The AMPTP said in a written statement that it is “fully committed to reaching a mutually beneficial deal.”


While the majority of debate is over TV, there are some flashpoints on the movie side. Screenwriters are looking to standardize compensation and residuals regardless of whether a movie is released in theaters or streaming. Residuals in streaming are set at a fixed rate, while theatrical releases are based on performance, offering a potentially higher upside.


In TV, the Writers Guild of America said 49% of writers are being paid minimum rates, an increase of 16 percentage points over the past decade. The minimum weekly rates range from $4,154 to $9,888, depending on the level of writer and the number of weeks of guaranteed work.



Striking writers walked a picket line outside Paramount Studios in 2007, during the most recent strike by the Writers Guild. PHOTO: NICK UT/ASSOCIATED PRESS

Nearly 25% of TV showrunners—the creatives in charge of making shows—are also working at minimum rate, an increase of more than 20 percentage points from 10 years ago. The minimum pay for a showrunner is $7,412 a week, according to the WGA.


“We’ve seen a deliberate downward pressure on writer pay,” said Chris Keyser, a co-chair of the WGA’s negotiating team. Mr. Keyser, a writer and producer whose credits include the 1990s hit “Party of Five,” said “the salaries are no longer efficient to exist in this business.”


Writers are also concerned about changes to the process of making shows.


Traditionally, a TV writer would work on a show from conception to the end of production. Now, many shows—particularly in the streaming world—have fewer episodes and don’t go into production until most if not all the scripts have been written or mapped out. Once the show goes from preproduction into production and postproduction, many of the writers involved in the creative process are often let go, and only a couple remain for rewrites.

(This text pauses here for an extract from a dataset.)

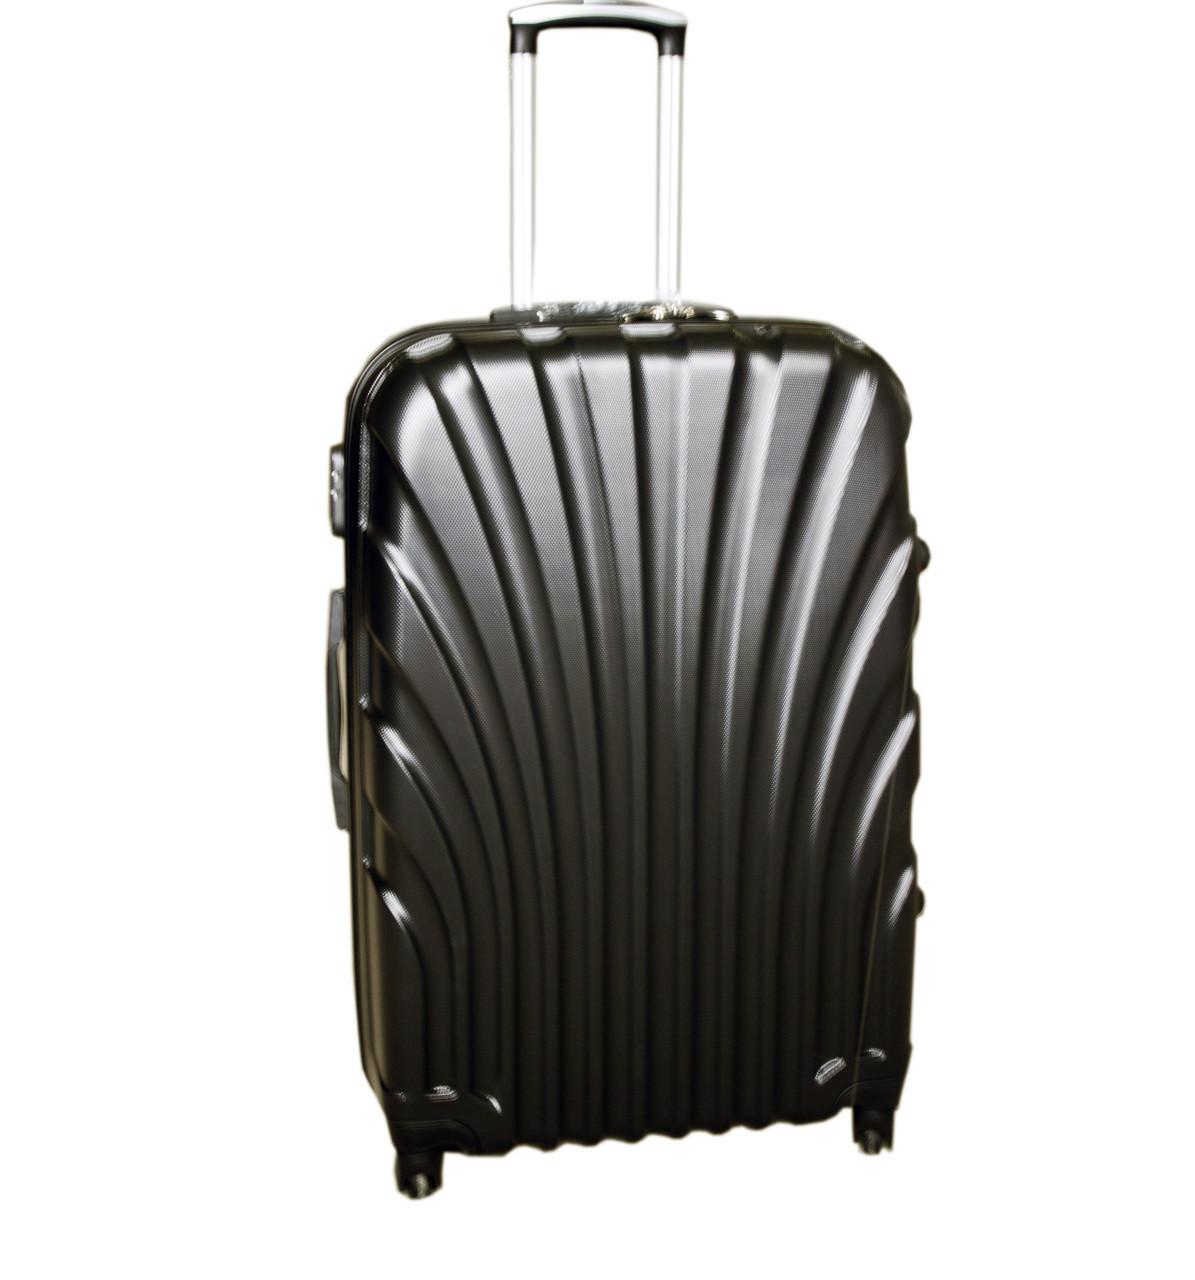 Дорожній чемодан 4 колеса набір 3 штуки чорний, артикул: 6-244

“Writing happens in all three of those phases,” said Danielle Sanchez-Witzel, a WGA negotiating-committee member. The new system, she said, “is not the model that has made the studios billions of dollars off of television.”


The move to fewer episodes and fewer writers to produce a show is driven by economics and changing viewer habits, said a person familiar with the AMPTP’s thinking.


After a yearslong content-spending spree as they were building their streaming services, Walt Disney Co., Warner Bros. Discovery Inc. and Paramount Global are now looking to cut costs.


Writers counter that they aren’t trying to turn back the clock to a bygone era, but see these moves as a way for their employers to squeeze them for problems of their own making.


“They are eroding protections writers have had for 70 years,” said comedy writer and WGA negotiator Adam Conover.